SLE is a classical autoimmune disease in which the immune system causes widespread inflammation and tissue damage in joints, skin, brain, lungs, kidneys, and blood vessels. Bacterial infections are a major cause of morbidity and mortality in patients leading to and exacerbating SLE flares. Epidemiological studies suggest that bacterial infections promote SLE disease in predisposed individuals, but the underlying mechanisms remain unknown. SLE patients are more susceptible to infections, particularly bacterial infections, involving the upper respiratory tract, skin, and urinary tract than subjects without SLE (98–101). SLE patients produce autoantibodies against a wide variety of cellular antigens including double-stranded DNA and nuclear proteins (41). Curli/DNA complexes are powerful immune stimulators (41). When given systemically, curli/DNA complexes trigger immune activation and production of type I interferons as well as autoantibodies in SLE-prone and wild-type mice (41).
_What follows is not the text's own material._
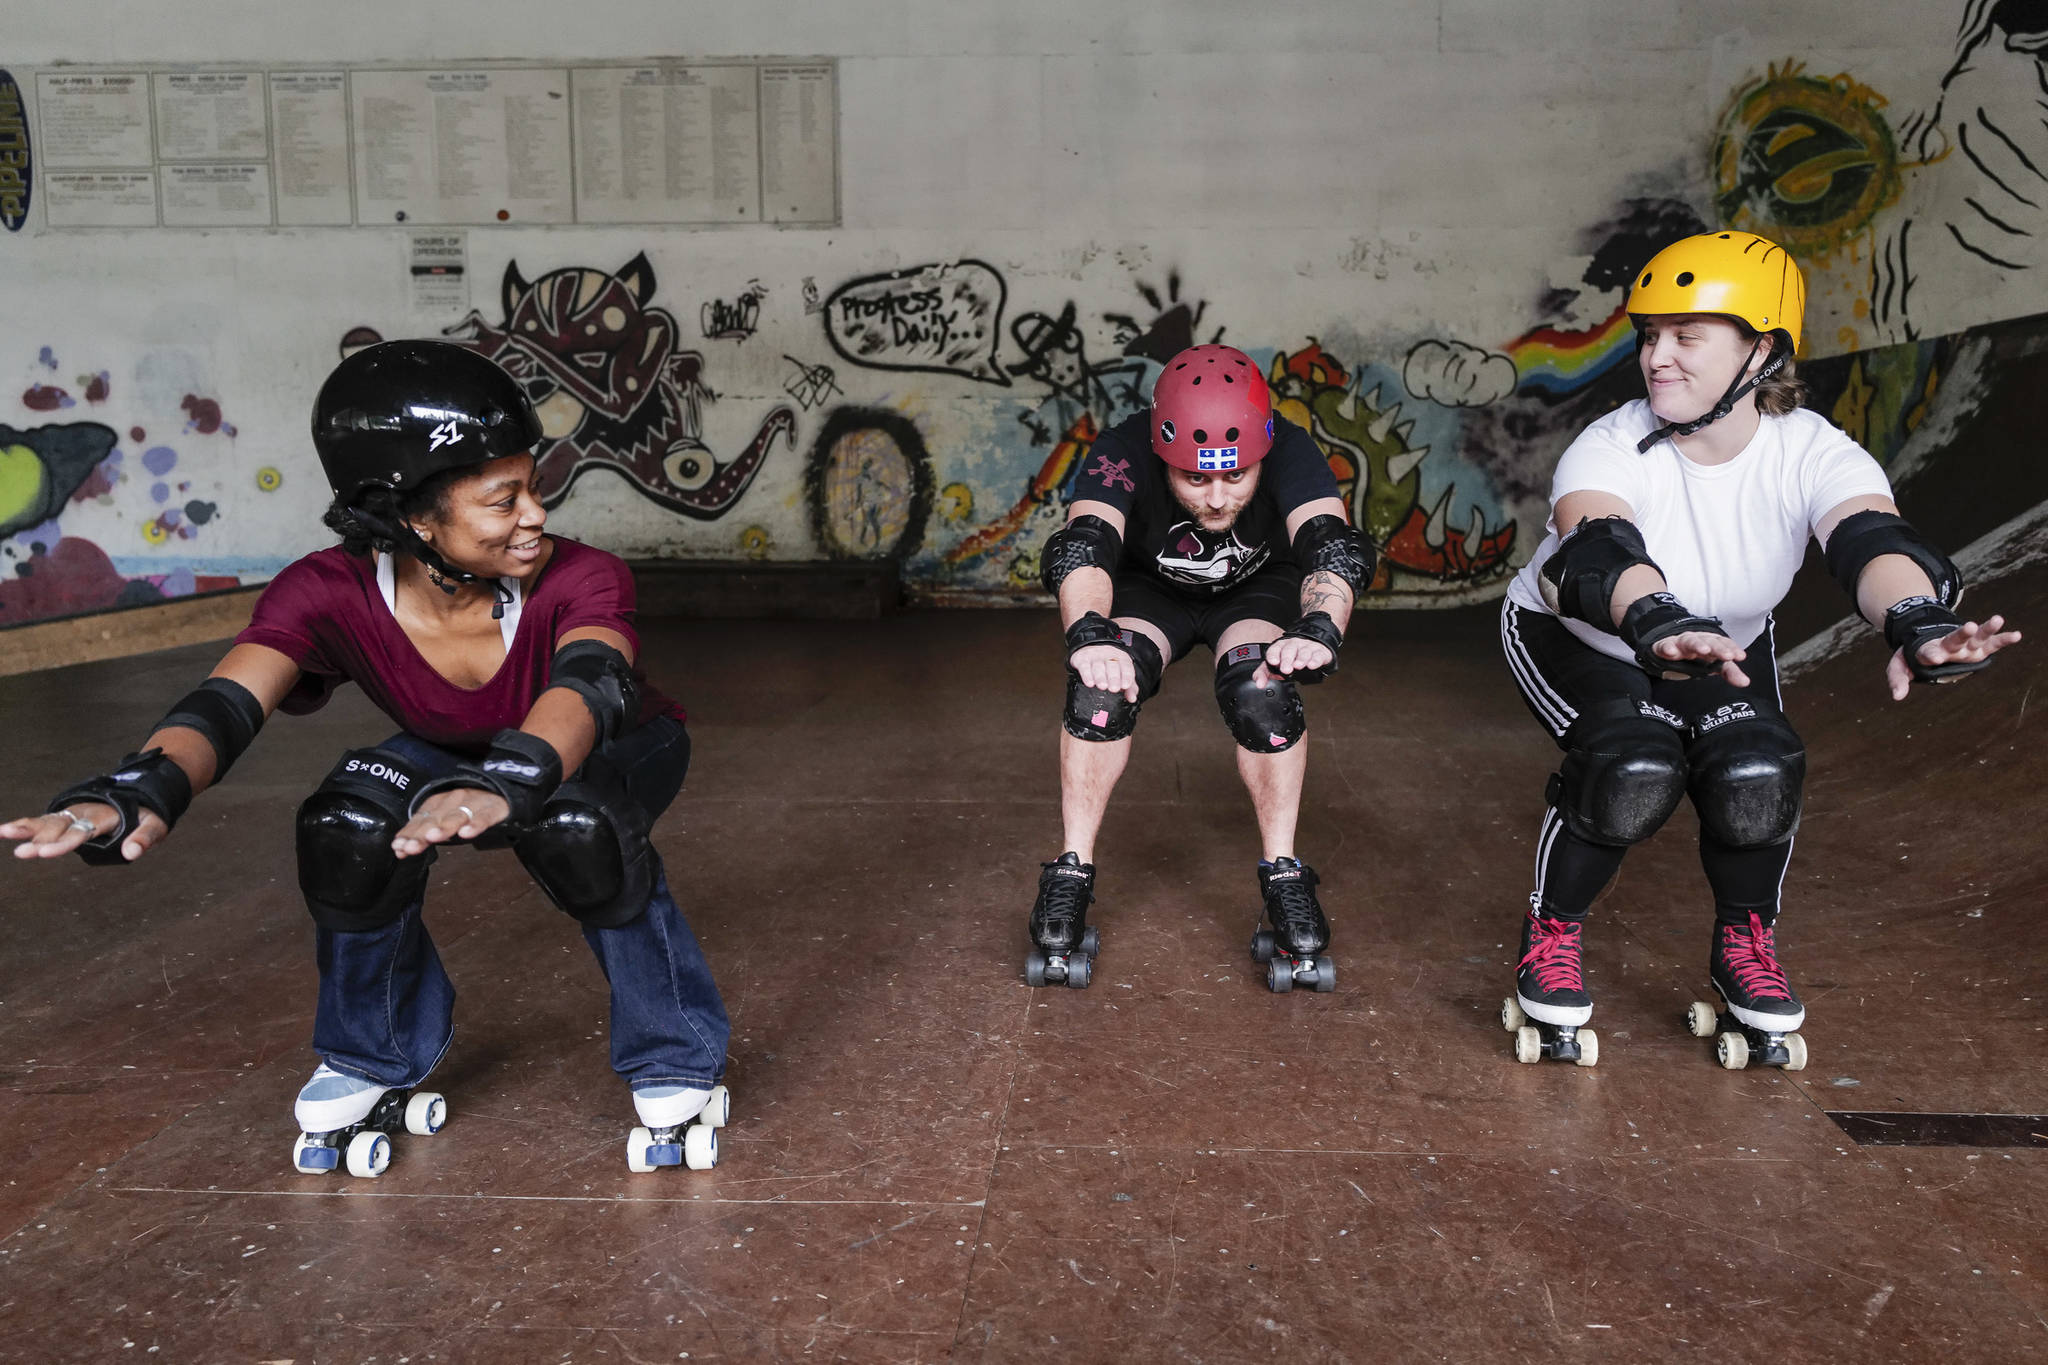 Jennifer Gross, right, and Shabadrang Khalsa, who skate with the Juneau Rollergirls, teach Empire reporter Michael S. Lockett how to rollerskate at the Pipeline Skate Park on Friday, Oct. 11, 2019. (Michael Penn | Juneau Empire)

It was also found that infection of SLE-prone mice with curli-producing bacteria triggers higher autoantibody titers than do curli-deficient bacteria (41). Furthermore, clinical studies of SLE patients with persistent bacteriuria and E. coli within their urine were positive for anti-curli/DNA antibodies (102). The levels of anti-curli/DNA IgG correlated with both bacteriuria and flares in the SLE cohort, further suggesting a link between curli/DNA complexes and increased disease severity in SLE (102). These data suggest that enteric bacteria production of curli potentiates disease pathogenesis in individuals predisposed to autoimmune disorders.

Neurodegenerative diseases such as Alzheimer's Disease (AD) and Parkinson's Disease (PD) are characterized by proteins such as Aβ, hyperphosphorylated tau, and αSyn misfolded into pathological amyloid aggregates in and around neurons; these aggregates are associated with elevated inflammation (103–105). The gut microbiota impacts the nervous system through the gut-brain axis, a bidirectional “highway” for immune, metabolic, endocrine, and neural signals (Figure 2) (106, 107). Gut bacteria can synthesize neurotransmitters and bacterial metabolites, like indoles and short-chain fatty acids that can bypass the blood-brain-barrier and impact the brain (108–110). One hypothesis is that these signals and microbial products are transmitted not through the circulatory system, where they would need to navigate the blood-brain-barrier, but via the vagus nerve: the longest cranial nerve in the body, connecting the enteric nervous system to the brain stem, and containing both afferent and efferent fibers (111–113). Thus, it is similarly possible that aggregation of human amyloidogenic proteins may be seeded or indirectly induced by bacterial amyloids that originate in the gut.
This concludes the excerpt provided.